Федералисты внесли большой вклад в создание путаницы среди республиканцев. Их поведение редко поддавалось объяснению с точки зрения здравого смысла, но в январе 1812 года они, казалось, потеряли рассудок. Их поведение, противоречившее их собственным принципам, смущало их друзей еще больше, чем запутывало их врагов. Британский министр писал своему правительству постоянные жалобы на опасный курс, проводимый его союзниками-федералистами.

«Федералистские лидеры, — писал Фостер 11 декабря 1811 года, — без колебаний говорят мне, что намерены отдать свои голоса за войну, хотя в дебатах останутся молчаливыми; они добавляют, что это будет короткая война на шесть или девять месяцев. На мои замечания о странном и опасном характере такой политики они пожимают плечами, говоря мне, что не видят иного конца ограничениям и законам о неввозе, кроме войны; что война свергнет Администрацию, и тогда они поступят по-своему и заключат прочный мир с Великобританией».

Этой политики придерживались лидеры федералистов. С течением недель положение Фостера становилось все более трудным. Одинаково разочарованный упрямством своего правительства и колебаниями Конгресса, он находил свои худшие неприятности в интригах собственных друзей. Ближе к концу года он писал: —

«Положение, в коем я неожиданно оказался, должен признать, чрезвычайно обременительно. Я сознаю, что Его Королевское Высочество Принц-Регент желает избежать разрыва с этой страной, и тем не менее я вижу, что усилия партии, доселе наиболее враждебной войне с Великобританией, объединились с усилиями другой, доселе считавшейся наиболее значительной по численности, с целью ее развязать; в то время как Правительство, хотя и желая промедления, столь слабо и ненадежно, что приходится опасаться, будто, если бы обе Палаты решили начать военные действия, у них не хватило бы решимости противиться этой мере».

16 января 1812 года он написал снова. Несколько ободренный очевидными трудностями партии войны в Конгрессе, он был склонен смотреть на тактику федералистов менее сурово: —

«Оппозиция знает о затруднениях Президента и стремится извлечь из них выгоду, настаивая на столь решительных мерах, которые не оставляют ему пути к отступлению. Мне не раз конфиденциально говорили различные лидеры, что если Ордеры в Совет не будут отменены, он в конце концов будет погублен в глазах нации. Некоторые лица заходили даже так далеко, что упрекали нас в том, что мы не согласовываем с ними меры для этой цели, замечая, что французы управляли этой страной в согласии с партией; и что если Великобритания не поступит так же, французская партия всегда будет преобладать. Я должен упомянуть Вашей Светлости, что федералисты отнюдь не едины. От двенадцати до шестнадцати голосуют за мирные меры, в то время как лишь восемь, хотя и из числа лидеров, голосуют противоположным образом».

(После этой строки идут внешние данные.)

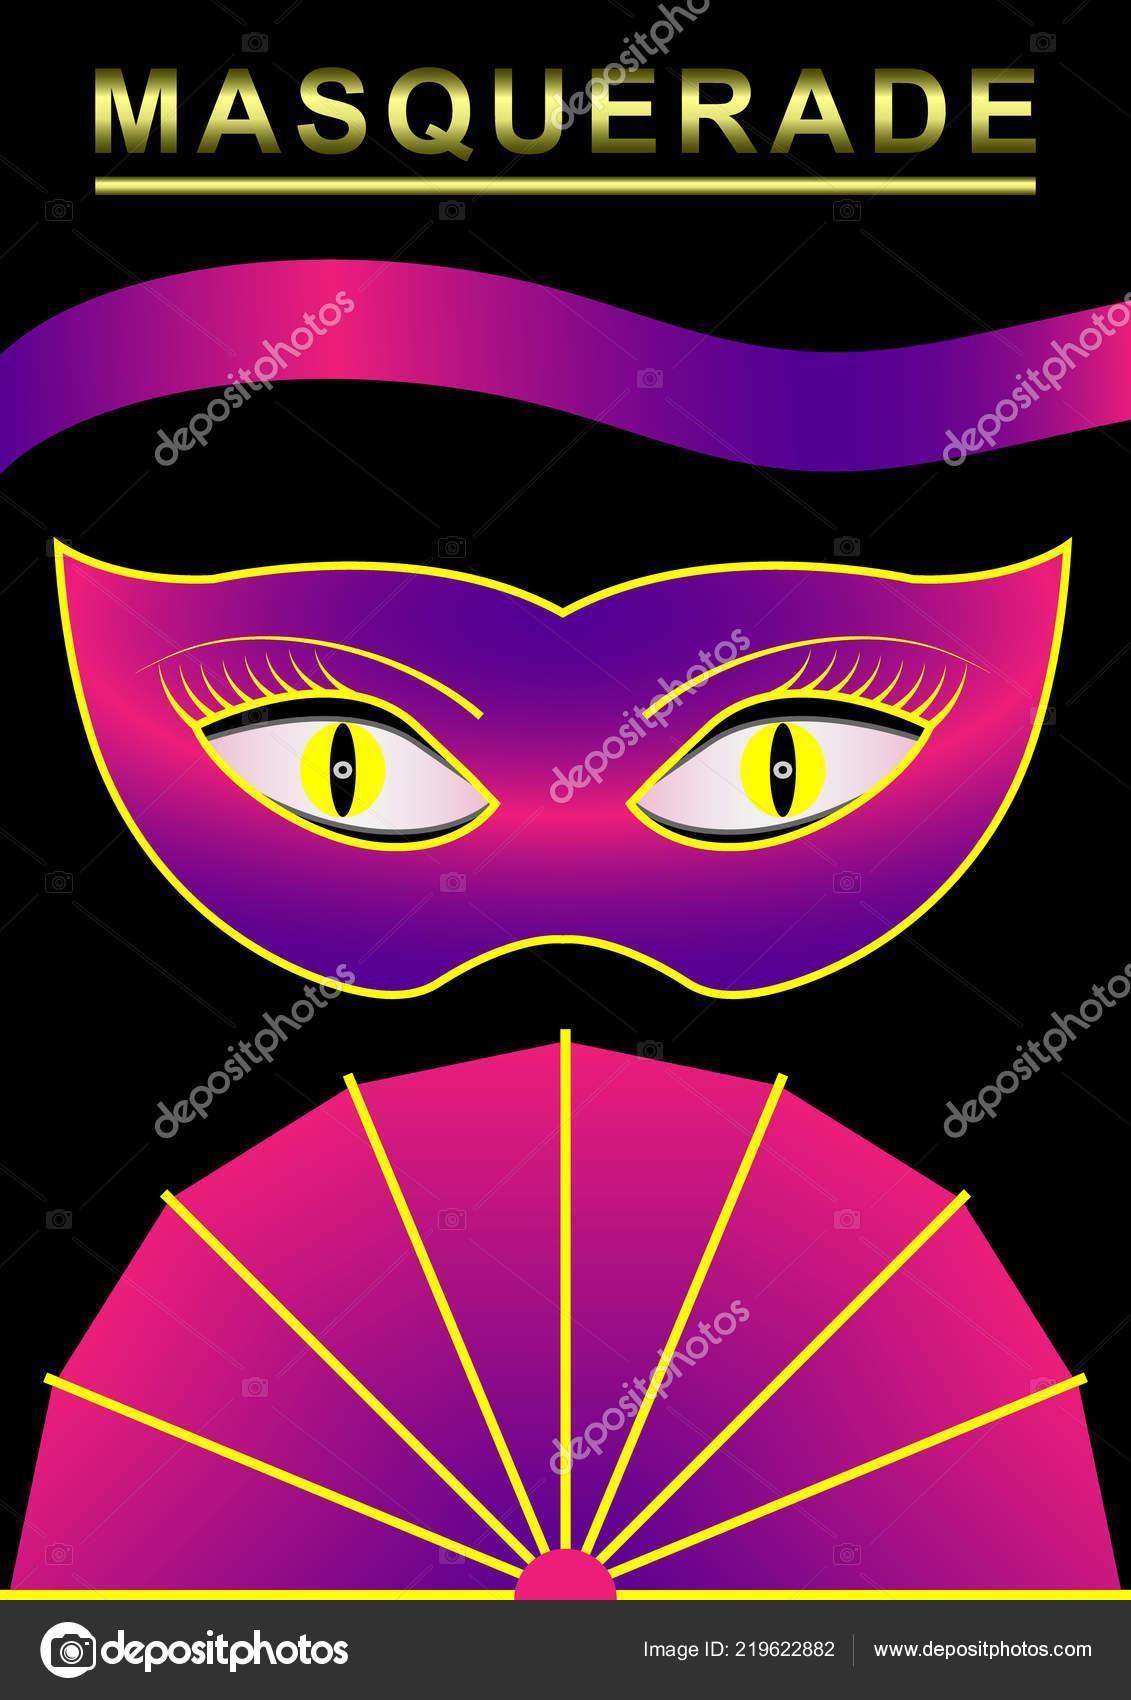 b60ac1797 Masky karneval, maškarní, ventilátor, pásu karet, plakát. Vektorové  ilustrace — Vektor od ...

1 февраля, через две недели после написания этого письма, два лидера федералистов, чьи имена Фостер благоразумно скрыл, нанесли визит британскому министру, чтобы дать ему совет относительно наилучшего курса, который могло бы принять его правительство «для достижения полного слияния интересов между Америкой и Великобританией». Их разговор, к которому Фостер, судя по всему, вовсе не приглашался, был передан им лорду Уэлсли без каких-либо комментариев. Если бы эти два федералиста предвидели скандал, который шесть недель спустя вызовет публикация бумаг Джона Генри, они вряд ли вообще осмелились бы подойти к британскому министру; и им по крайней мере напомнили бы, что такие советы, какие они ему давали, не только запрещены законом, но и граничат с государственной изменой.

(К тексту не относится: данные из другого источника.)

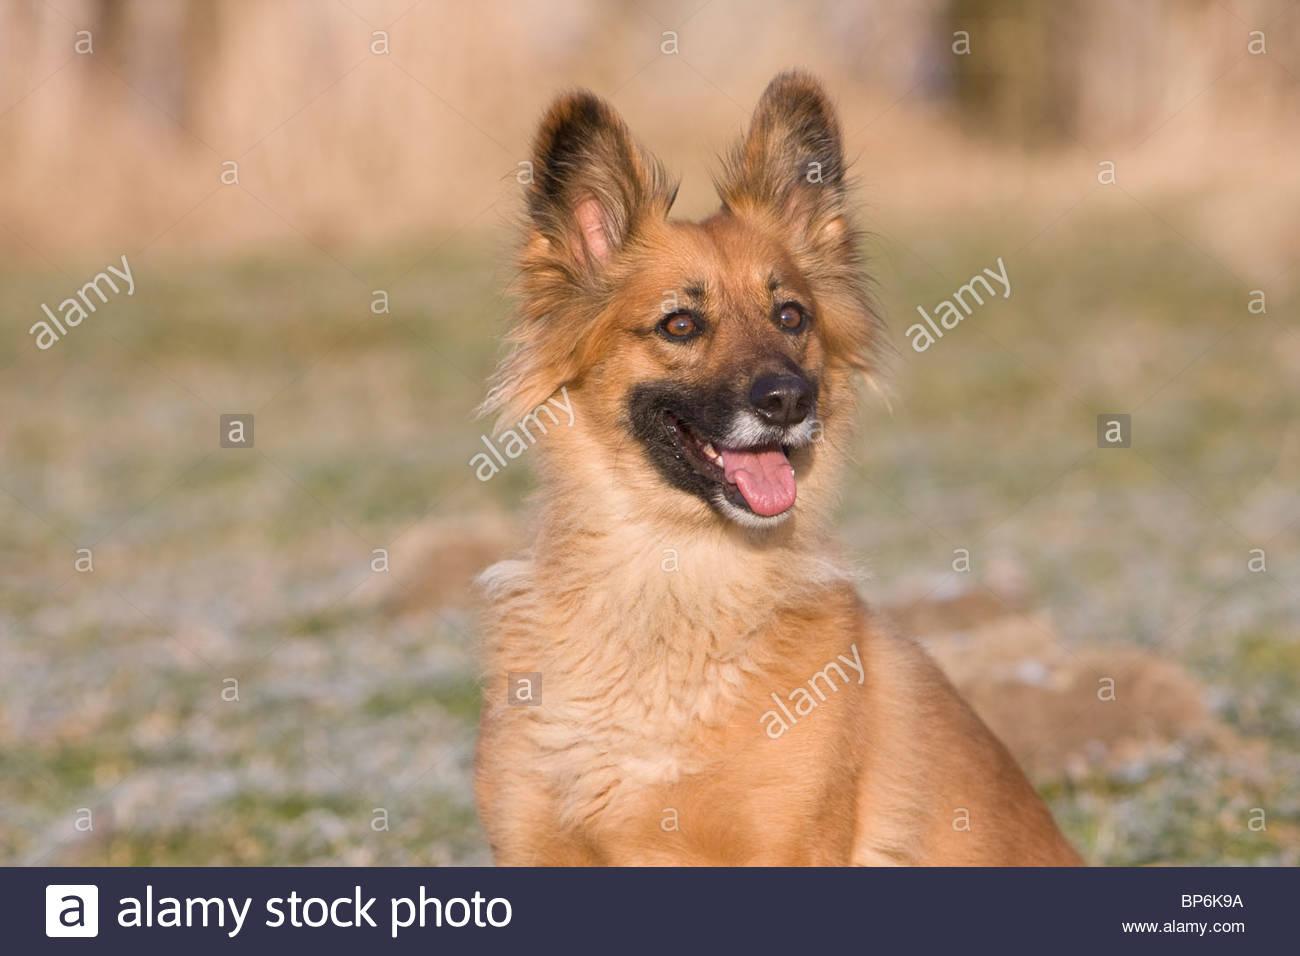 An alert sandy coloured dog - Stock Image

«Суть этих предложений сводилась к тому, что мы не должны ни отменять наши Ордеры в Совет, ни каким-либо образом модифицировать их. Они говорили, что если мы уступим, это Правительство сочтет наши уступки следствием собственных мер и будет гордиться этим; что они лишь хотят выбраться из нынешних трудностей, и если мы пойдем на частичную уступку, они воспользуются ею, чтобы избежать выполнения своего обещания начать войну, продолжая при этом ограничительную систему; тогда как если мы толкнем их к краю пропасти непреклонной позицией, они неминуемо будут погублены — либо из-за позора попыток почти разорить торговлю Соединенных Штатов и при этом не суметь подчинить Великобританию своей системой торговых ограничений, либо из-за неспособности управлять государством во время войны. Эти господа заявляли, что они скорее за войну, чем за продолжение ограничительной системы, даже если война продлится четыре года. Они считали любые расходы не слишком большими, если они приведут к прекращению раздражающих, гнетущих чувств, столь долго существовавших между двумя странами. Они критиковали придирчивый характер ответов, данных по делу "Чесапика" и на мою ноту по поводу индейцев, и когда Великобритания проявляла хоть капли духа примирения, говорили мне, что так будет всегда, пока народ не почувствует бремя налогов; что ничто не приведет их к правильному пониманию своих интересов, кроме прикосновения к их кошелькам; и что если мы повоюем какое-то время, то впоследствии станем лучшими друзьями. Короче говоря, они казались убежденными, что Великобритания с помощью умелого руководства может вовлечь Соединенные Штаты в любые связи по своему усмотрению».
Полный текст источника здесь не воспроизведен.